See the Best Practices on Queries and Indexing for additional information on when and how to re-index content.
Initial detection slow indexing requires reviewing the IndexStats JMX MBeans. On the affected AEM instance, do the following:
- Open the Web Console and click the JMX tab or go to https://<host>:<port>/system/console/jmx (for example, http://localhost:4502/system/console/jmx ).
- Navigate to the IndexStats Mbeans.
- Open the IndexStats MBeans for " async " and " fulltext-async ".
- For both MBeans, check if the Done timestamp and LastIndexTime timestamp are less than 45 mins from the current time.
- For either MBean, if the time value ( Done or LastIndexedTime ) is greater than 45 mins from the current time, then the index job is either failing or taking too long. This causes the asynchronous indexes to be stale.
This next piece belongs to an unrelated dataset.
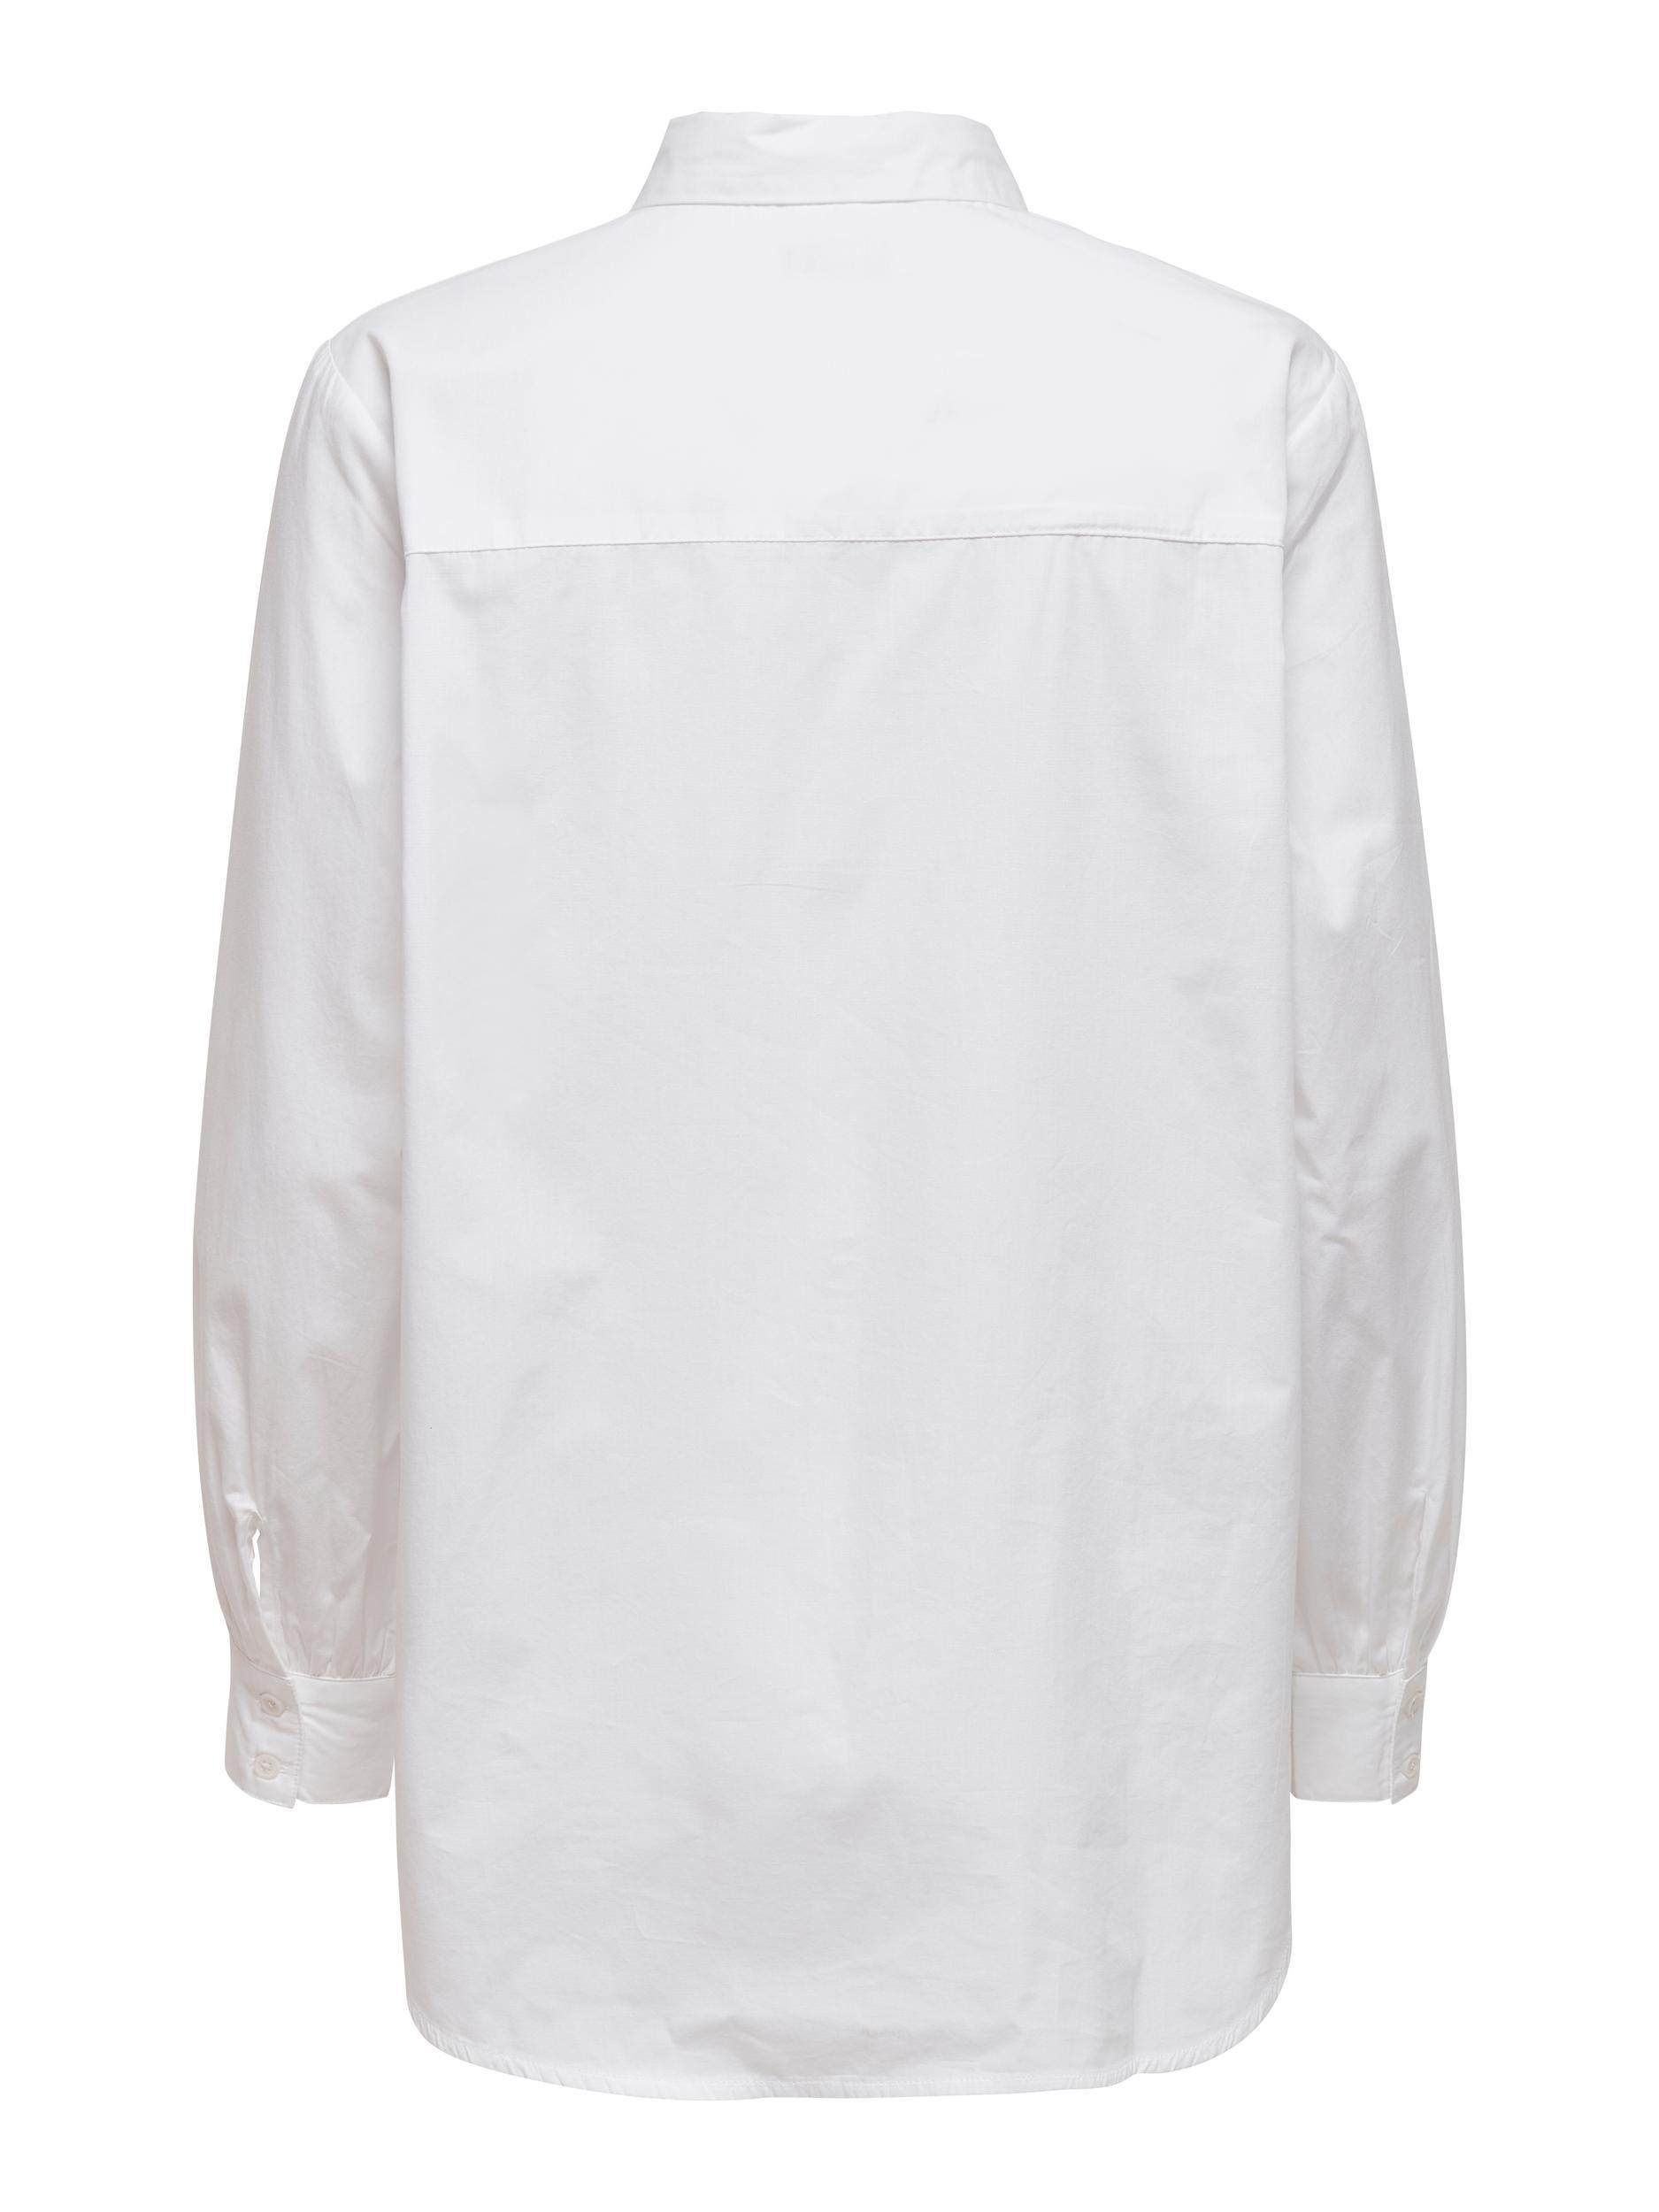 ONLY Nora New skjorte, white, medium

Indexing is paused after a forced shutdown
A forced shutdown results in AEM suspending asynchronous indexing for up to 30 minutes after the restart, and typically requires another 15 minutes to complete the first re-indexing pass, for a total of approximately 45 minutes (tying back to the Initial Detection timeframe of 45 minutes). In the event you suspect indexing is paused after a forced shutdown:
- Firstly, determine if the AEM instance was shut down in a forced manner (the AEM process was forcefully killed, or a power failure occured) and subsequently restarted.
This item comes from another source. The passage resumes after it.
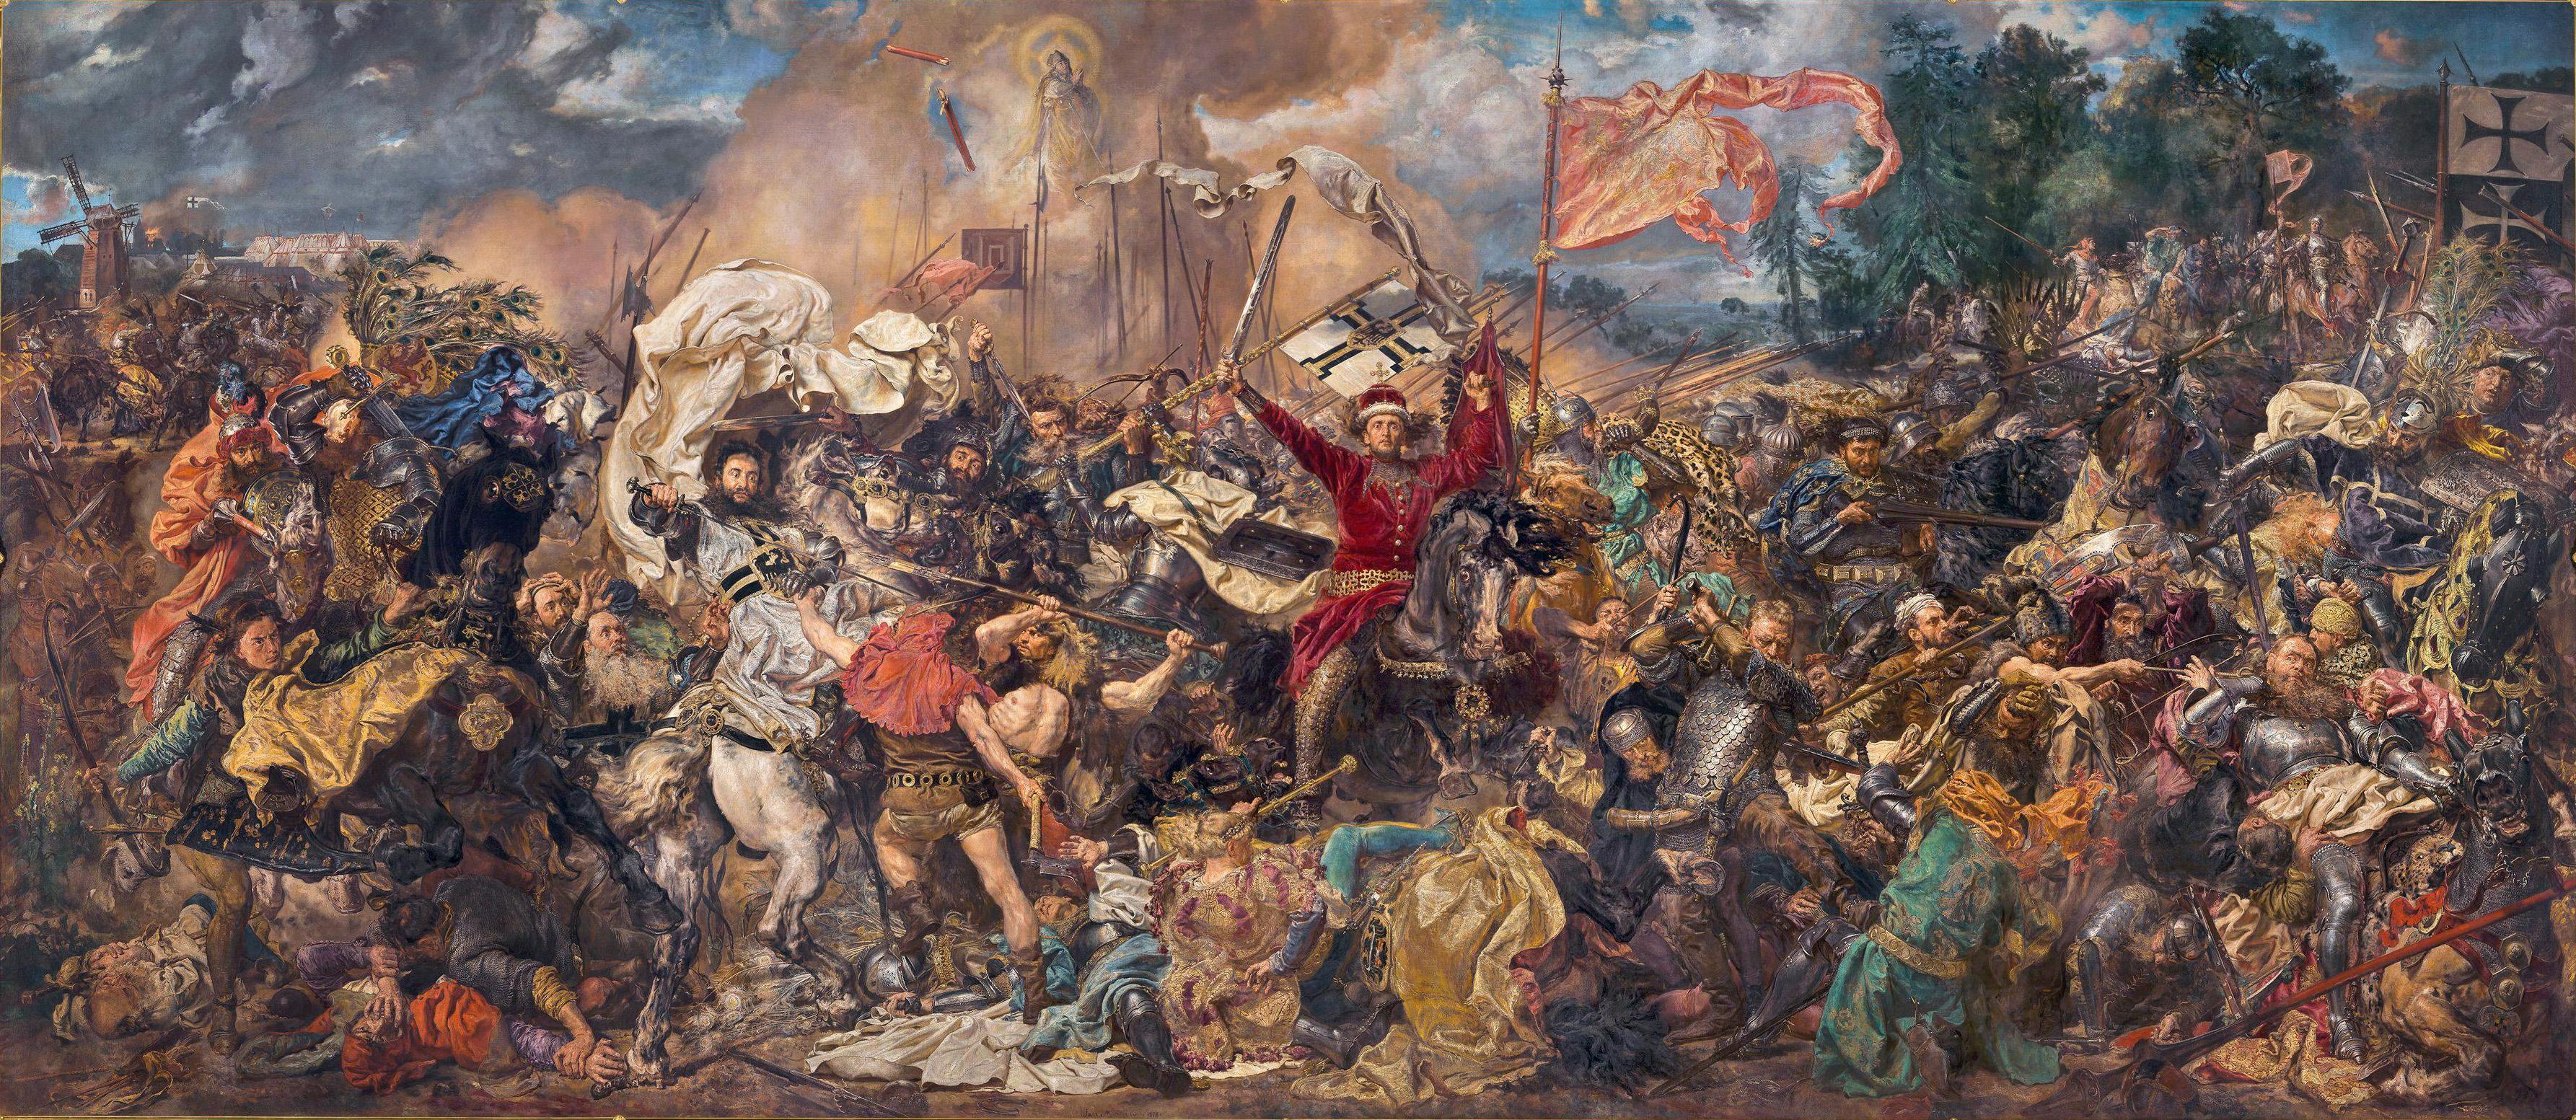 battaglia di tannenberg, storia medievale, storia della polonia, ordine teutonico, storia militare

- AEM logging can be reviewed for this purpose.
- If the forced shutdown occurred, upon restart, AEM automatically suspends re-indexing for up to 30 minutes.
- Wait approximately 45 minutes for AEM to resume normal asynchronous indexing operations.
Thread pool overloaded
For AEM 6.1, ensure that AEM 6.1 CFP 11 is installed.
In exceptional circumstances, the thread pool used to manage asychronous indexing may become overloaded. In order to isolate the indexing process, a thread pool can be configured to prevent other AEM work from interfering with Oak's ability to index content in a timely manner. To do this, you should:
- Define a new, isolated thread pool for the Apache Sling Scheduler to use for asynchronous indexing:
- On the affected AEM instance, navigate to AEM OSGi Web Console>OSGi>Configuration>Apache Sling Scheduler or go to https://<host>:<port>/system/console/configMgr (for example, http://localhost:4502/system/console/configMgr )
- Add an entry to the "Allowed Thread Pools" field with the value of "oak".
- Click Save in the bottom-right to save the changes.
- Verify that the new Apache Sling Scheduler thread pool is registered and displays in the Apache Sling Scheduler Satus web console.
- Navigate to the AEM OSGi Web console>Status>Sling Scheduler or go to https://<host>:<port>/system/console/status-slingscheduler (for example, http://localhost:4502/system/console/status-slingscheduler )
- Verify that the following pool entries exist:
Observation queue is full
If too many changes and commits are made to the repository in a short amount of time, indexing can be delayed due to a full observation queue. Firstly, determine if the observation queue is full:
- Go to the Web Console and click the JMX tab or go to https://<host>:<port>/system/console/jmx (for example, http://localhost:4502/system/console/jmx )
- Open the Oak Repository Statistics MBean and determine if any ObservationQueueMaxLength value is greater than 10,000.
- In normal operations, this maximum value must always eventually reduce to zero (especially in the per second section) so verify that the ObservationQueueMaxLength 's seconds metrics are 0.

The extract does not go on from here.